Assignment:
Start at the line in the entries below that contains "Marit Björgen a", stop at the line that contains "Imagen 17 del", and output exactly the lines in that span, both ends included.

Raw data:
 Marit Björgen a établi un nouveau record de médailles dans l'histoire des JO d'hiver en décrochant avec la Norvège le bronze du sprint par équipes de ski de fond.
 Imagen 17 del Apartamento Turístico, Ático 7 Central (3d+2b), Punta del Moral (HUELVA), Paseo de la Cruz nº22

==

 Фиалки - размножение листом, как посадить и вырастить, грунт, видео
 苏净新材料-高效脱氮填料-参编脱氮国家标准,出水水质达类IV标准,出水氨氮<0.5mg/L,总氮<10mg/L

Output for this exercise:
 Marit Björgen a établi un nouveau record de médailles dans l'histoire des JO d'hiver en décrochant avec la Norvège le bronze du sprint par équipes de ski de fond.
 Imagen 17 del Apartamento Turístico, Ático 7 Central (3d+2b), Punta del Moral (HUELVA), Paseo de la Cruz nº22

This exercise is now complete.